Their TypeScript guide
doesn't mention this, but the fix in my case was to create ./flatbuffers.ts
with this content:
export { flatbuffers } from "flatbuffers";
- FlatBuffers' API is... strange
Here's what I came up with to encode a LogMessage
:
let builder = new flatbuffers.Builder();
// Strings need to be created externally, otherwise FlatBuffers throws:
// Error: FlatBuffers: object serialization must not be nested.
//
// (typed-bytes doesn't have this kind of issue)
const testMessage = builder.createString("Test message");
// This is clumsy and verbose. I'd also argue it doesn't even meet the
// requirement of encoding a LogMessage as binary. Instead it's an API that
// gives you some tools to help you do that in a way that is still very manual.

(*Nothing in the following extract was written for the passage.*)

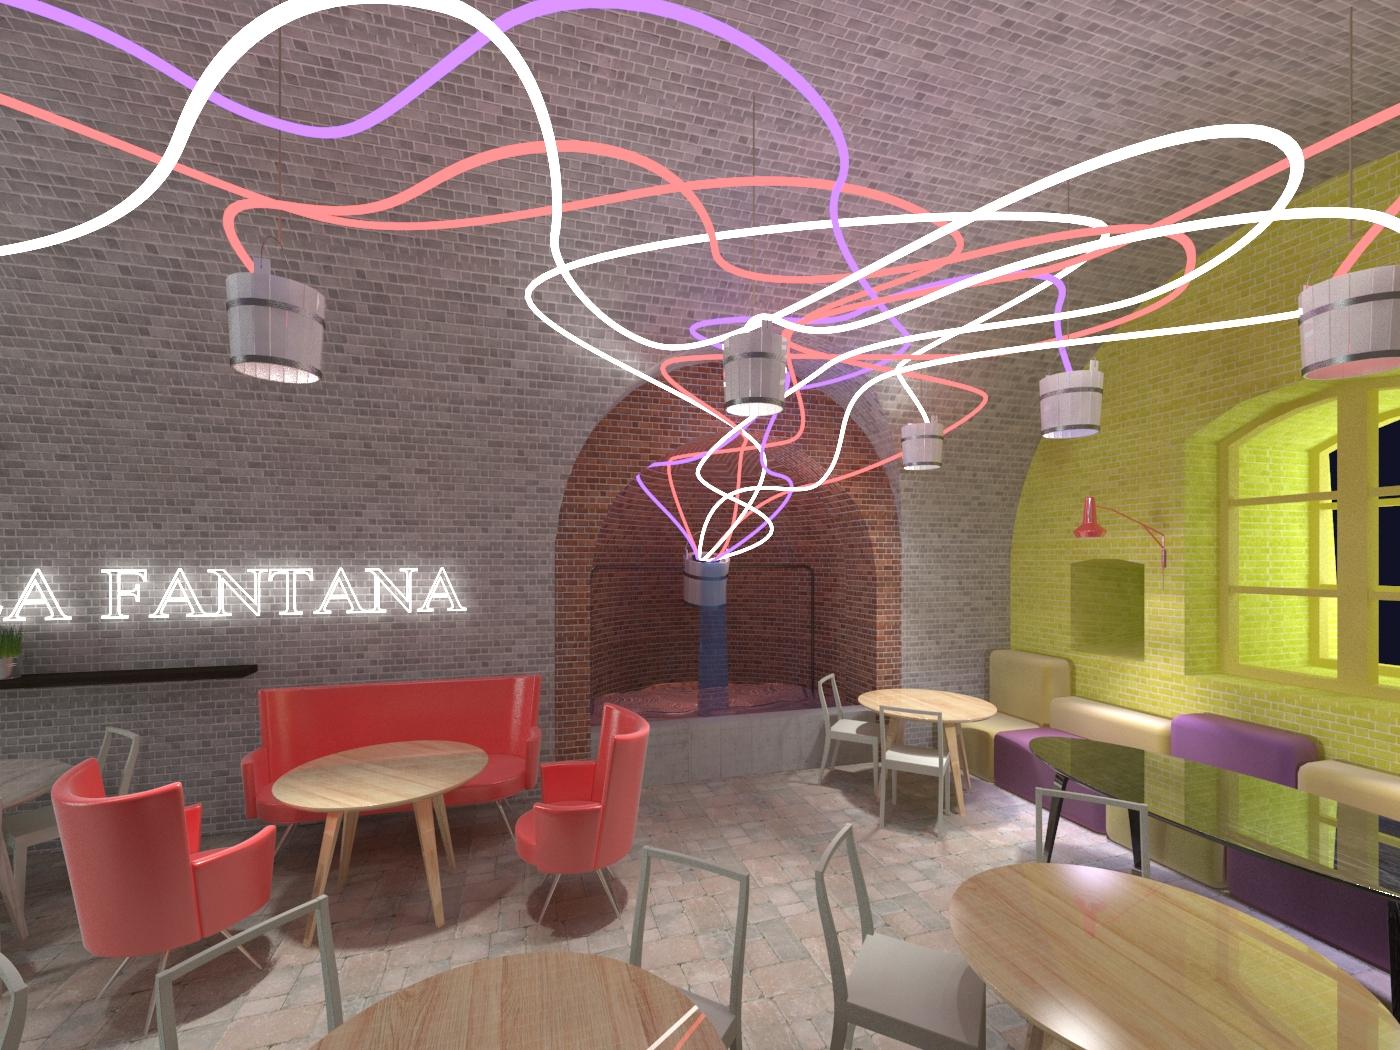 https://nbc-arhitect.ro/wp-content/uploads/2020/10/NBC-Arhitect-_-Ryma-Club-_-Alba-Iulia-Romania-_-interior-design-view_3.jpg
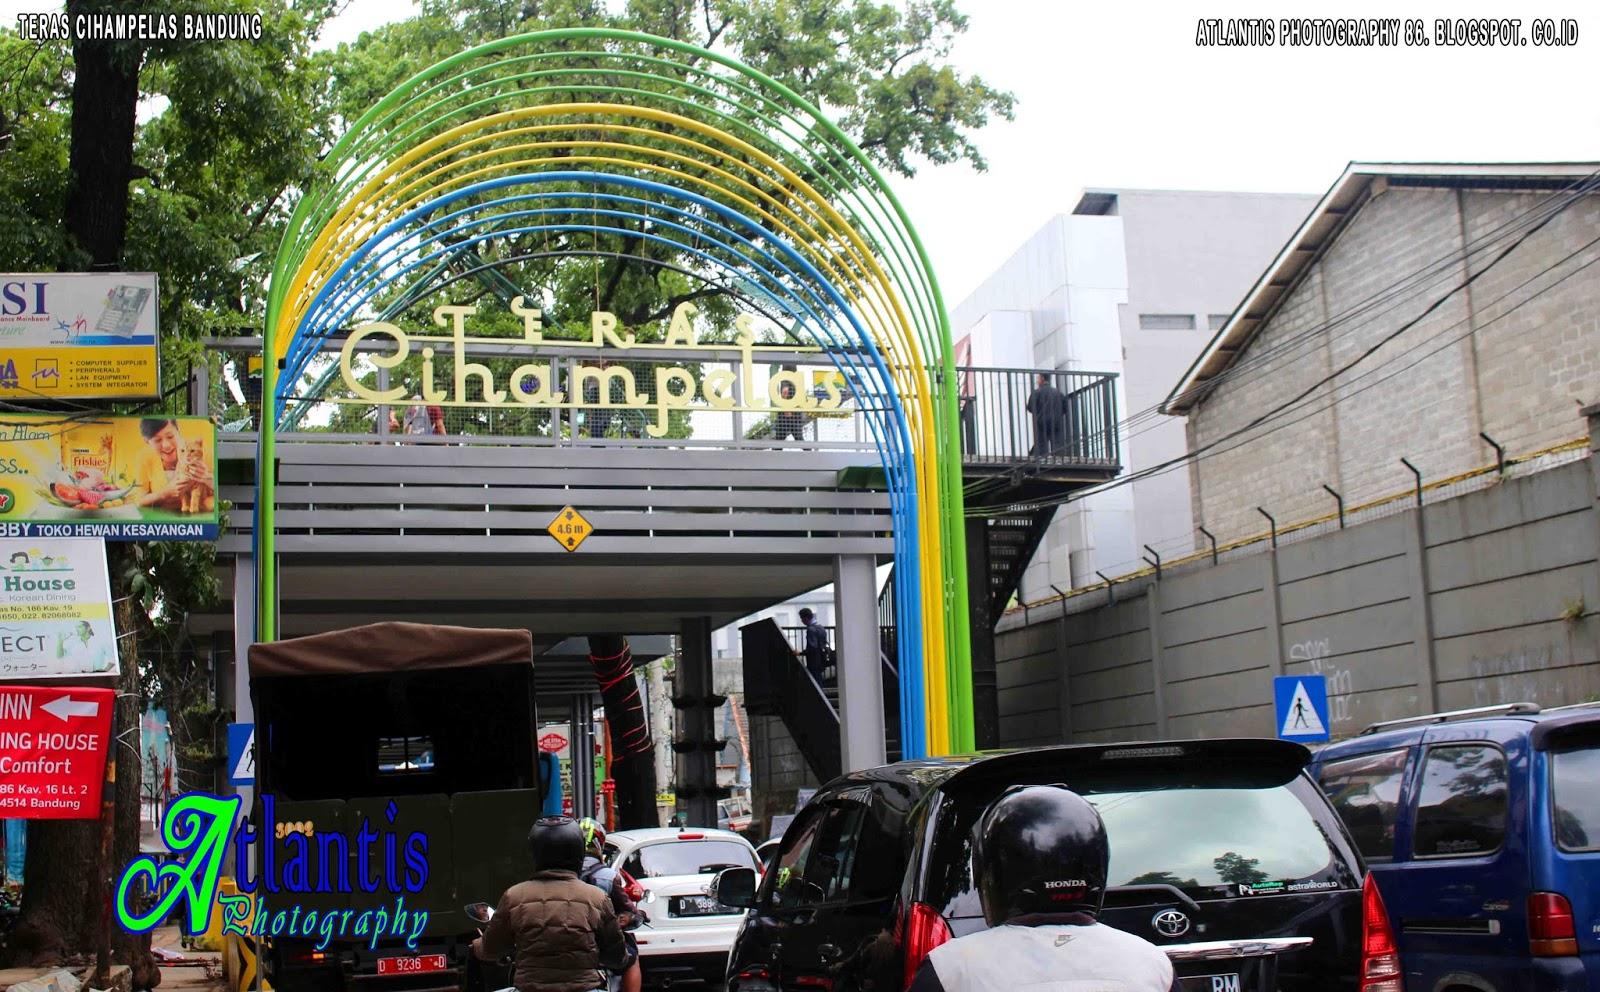 Atlantis Photography Krui Kunjungan Walikota Bandung Ridwan Kamil Teras Cihampelas

Sample.LogMessage.startLogMessage(builder);
Sample.LogMessage.addLevel(builder, Sample.Level.INFO);
Sample.LogMessage.addMessage(builder, testMessage);
const msgOffset = Sample.LogMessage.endLogMessage(builder);
builder.finish(msgOffset);
const buf = builder.asUint8Array();
console.log(buf); /*
// This is really long. I'm not sure why. The other schema-based encodings
// (including typed-bytes) have managed 14-16 bytes. I'm not going to put this
// as a concrete point for now because it might not be true outside of this
// example and FlatBuffers has proved exceptionally difficult to work with so
// I don't have enough time to get to the bottom of this. If you know more
// about what's going on please consider contributing.
Uint8Array(40) [
12, 0, 0, 0, 8, 0, 8, 0, 0, 0,
4, 0, 8, 0, 0, 0, 4, 0, 0, 0,
12, 0, 0, 0, 84, 101, 115, 116, 32, 109,
101, 115, 115, 97, 103, 101, 0, 0, 0, 0
]
*/
the decode part is almost as strange:
const byteBuffer = new flatbuffers.ByteBuffer(buf);
const decodedValue = Sample.LogMessage.getRootAsLogMessage(byteBuffer);
// Outputs internal details and not level/message:
console.log(decodedValue);
// You need to get the fields one by one.
console.log({
level: decodedValue.level(), // 0, not 'INFO'
message: decodedValue.message(),
});
I think FlatBuffers is intended to be very low level. It's targeting a use case where you interact directly with bytes instead of ever really having js-native objects. Even so, I expect it is possible to make this API much more ergonomic, and I think it's just a case of trying to support every major language, and js simply hasn't received enough attention to make something that's simple to use.